Certain Covenants and Agreements of the Company.
 
The Company covenants and agrees at its expense, and without any expense to Placement Agent, as follows:
 
A. To advise Placement Agent of any adverse change in the Company’s financial condition, prospects or business or of any development materially affecting the Company or rendering untrue or misleading any material statement in the Transaction Documents occurring at any time prior to a Closing as soon as reasonably practicable after the Company is either informed or becomes aware thereof.
 
B. To use its best efforts to cause the Securities to be qualified or registered for sale, or to obtain exemptions from such qualification or registration requirements, on terms consistent with those stated in the Transaction Documents, the Common Stock, Warrants and the Placement Agent Warrants under the securities laws of such jurisdictions as Placement Agent shall reasonably request, provided that such states and jurisdictions do not require the Company to qualify as a foreign corporation.
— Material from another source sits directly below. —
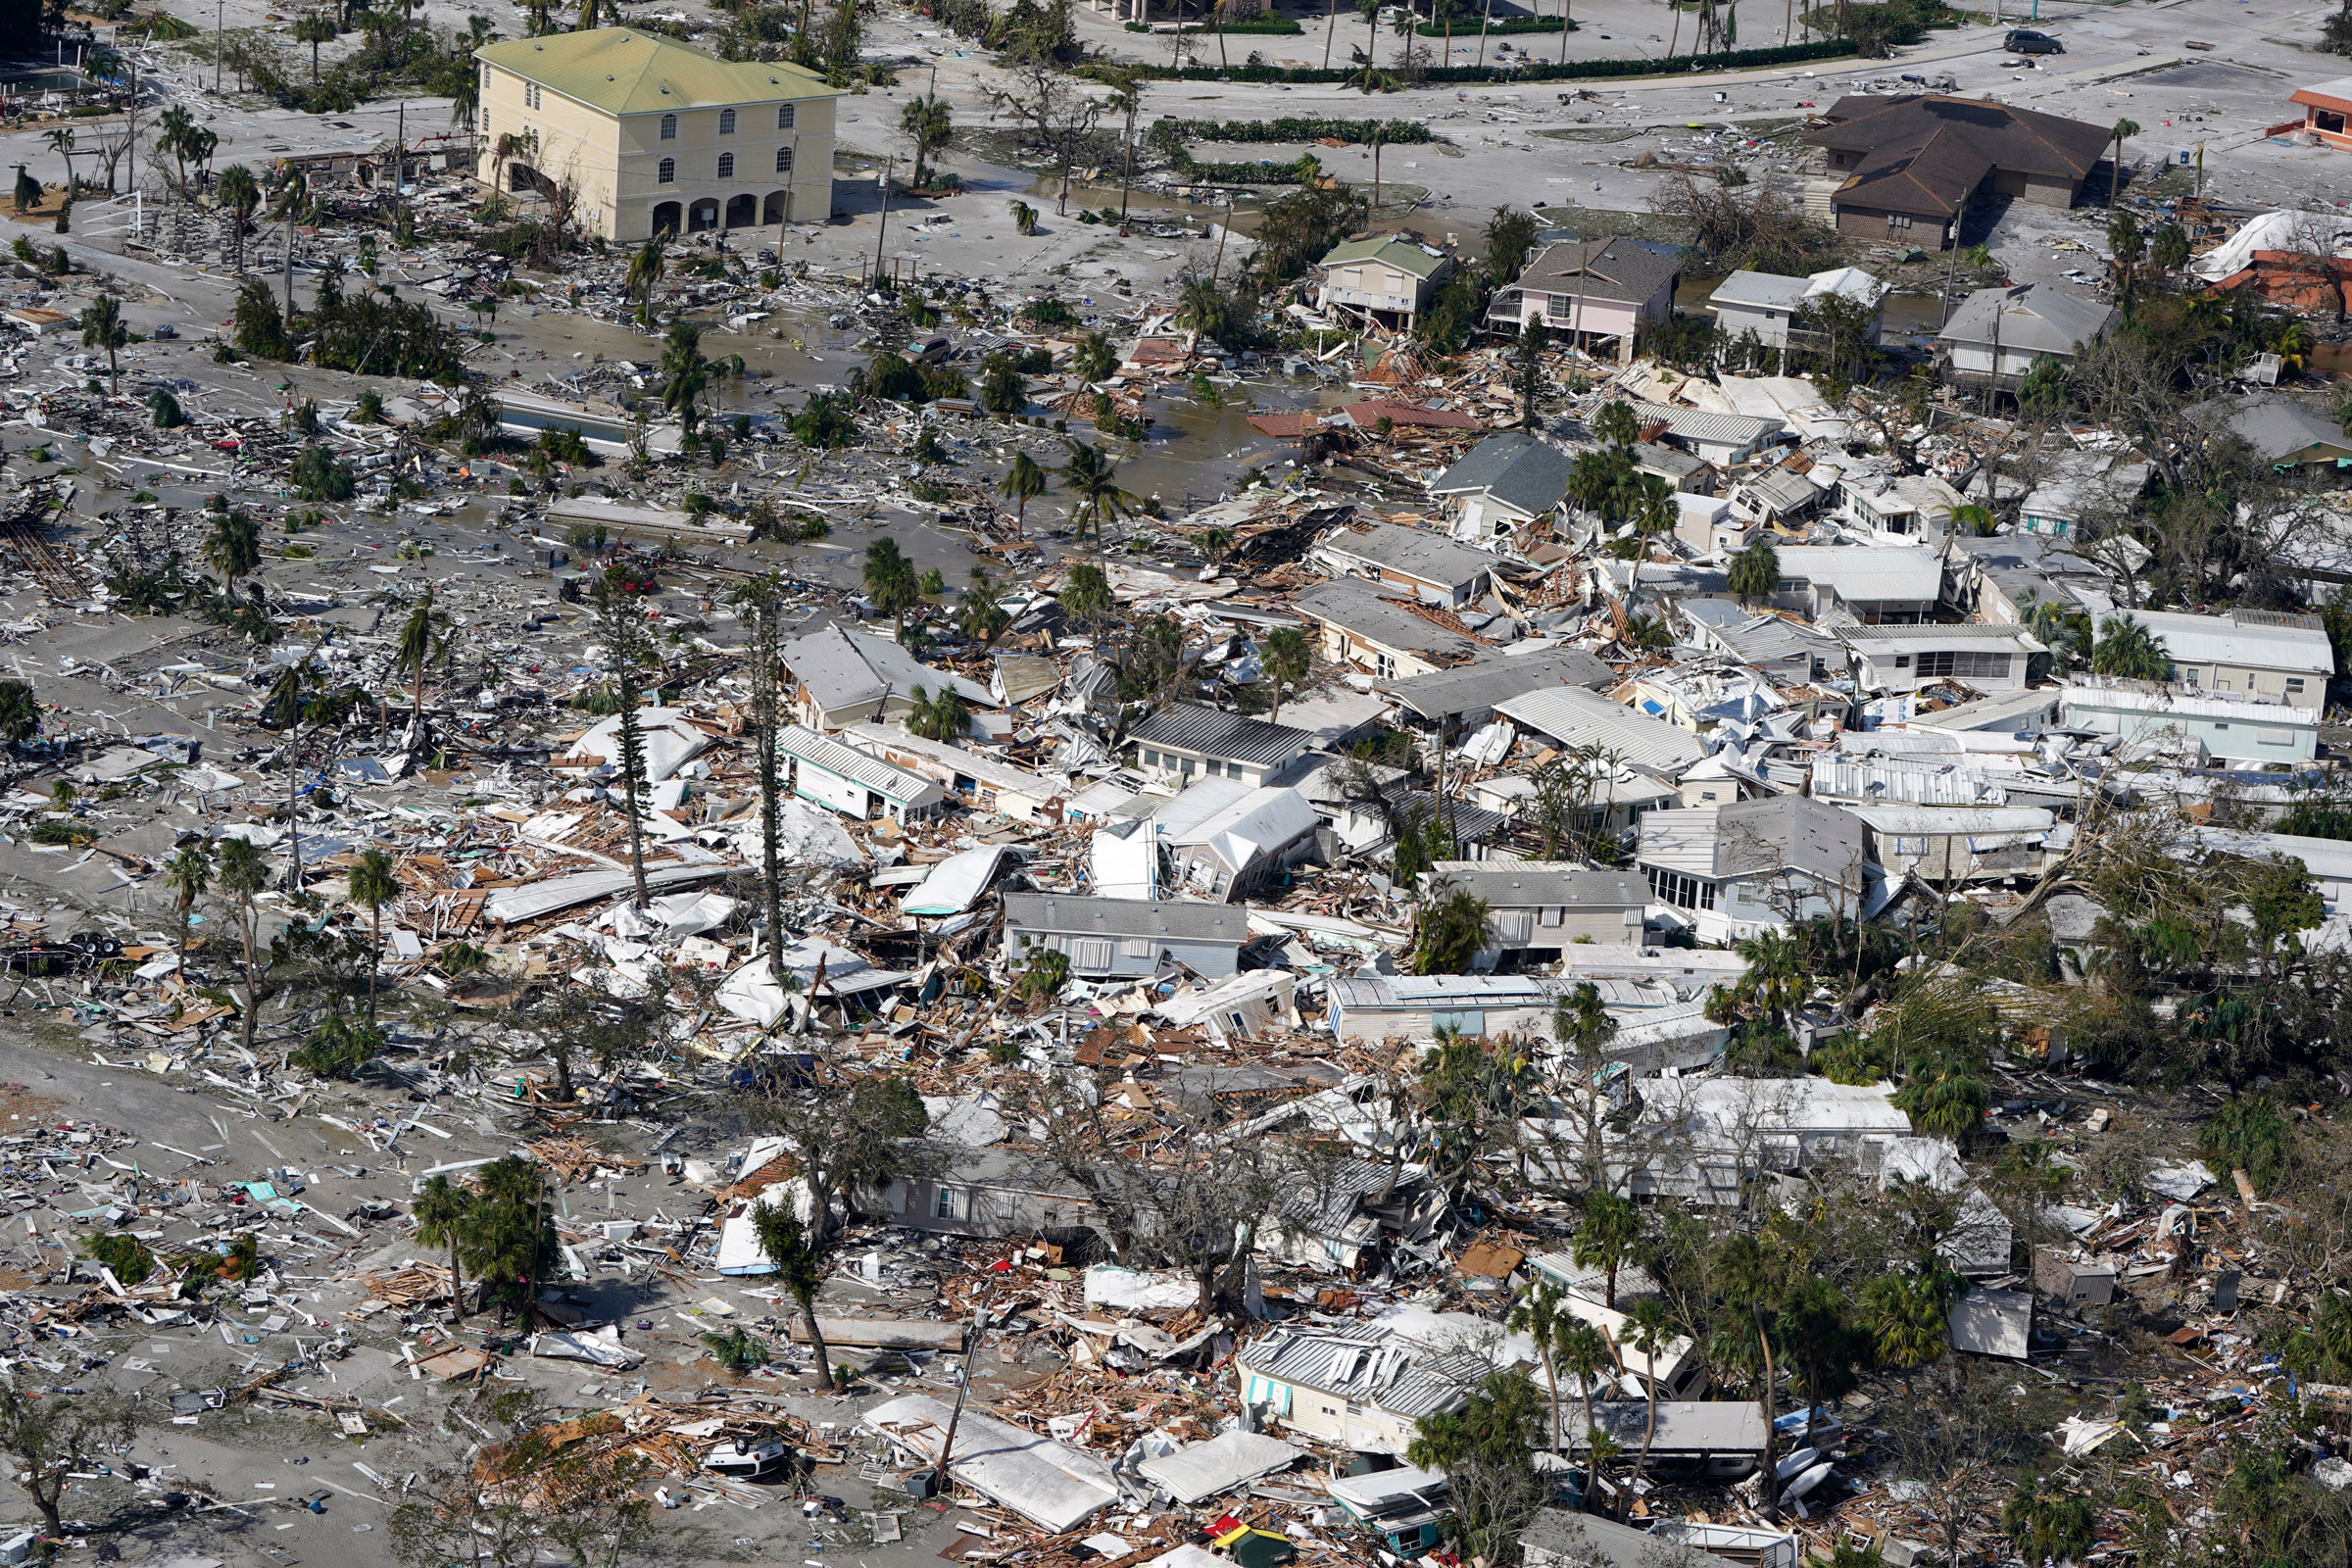 Damaged homes and debris are shown in the aftermath of Hurricane Ian, Sept. 29, 2022, in Fort Myers, Fla. (Wilfredo Lee—AP)

Qualification, registration and exemption charges and fees shall be at the sole cost and expense of the Company. The Company’s counsel shall perform the required “Blue Sky” services, and all reasonable expenses and disbursements of the Company’s counsel relating to such “Blue Sky” matters and relating to the Offering shall be paid by the Company.
 
C. To use the net proceeds of the Offering to fund the Company’s general working capital needs, including the ongoing development and marketing of the Company’s products. Pending utilization, the net proceeds will be invested in short-term, interest bearing investments, certificates of deposit or guaranteed United States government obligations.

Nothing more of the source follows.